Interpreting Hybrid Retrieval Metrics

Wikantik publishes a small set of Prometheus metrics covering structural

index health, for-agent projection size, and (post-Phase 5) retrieval

quality. They're all under the `wikantik_` prefix.

When to use this runbook

When you have a `/metrics` scrape and want to convert numbers into

verdicts.

Context

- **Phase 1 (shipped):** `wikantik_structural_index_{pages_total,clusters_total,tags_total,unclaimed_total,lag_seconds}` — gauges. Plus `wikantik_structural_index_rebuild_duration_seconds` (timer) for rebuild cost.

- **Phase 2 (shipped):** `wikantik_for_agent_response_bytes` — DistributionSummary with percentile histogram. Records every projection's serialised size.

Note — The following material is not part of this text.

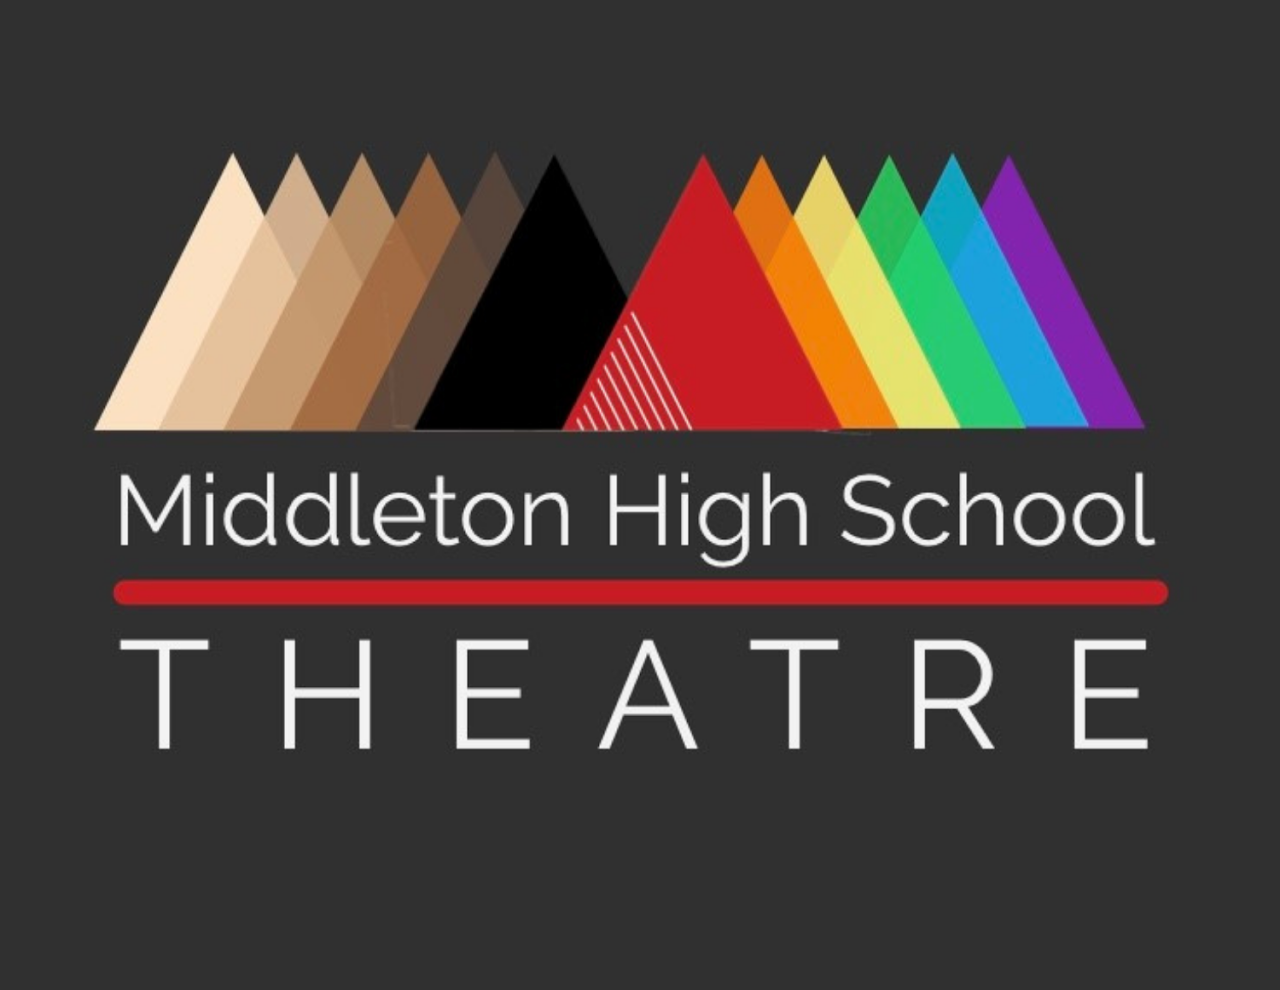 Middleton High School Theatre graphic with cascade of triangles ranging in color from tan, brown, black, red, orange, green & purple

- **Phase 5 (planned):** `wikantik_retrieval_{ndcg_at_5,ndcg_at_10,recall_at_20,mrr}{set,mode}` — gauges, plus `wikantik_retrieval_run_duration_seconds` (histogram) and `wikantik_retrieval_run_failed_total` (counter).

Walkthrough

The frontmatter `steps` walk the metric set in priority order: index

health first (the foundation), projection size second (the agent

contract), retrieval quality third (the eventual signal).

Pitfalls

The frontmatter `pitfalls` capture the recurring misreads. The

"comparing absolute numbers across deploys" trap is especially common —

agents take a snapshot of metrics, deploy a different corpus, then

report that "retrieval got worse" when the page count just shifted.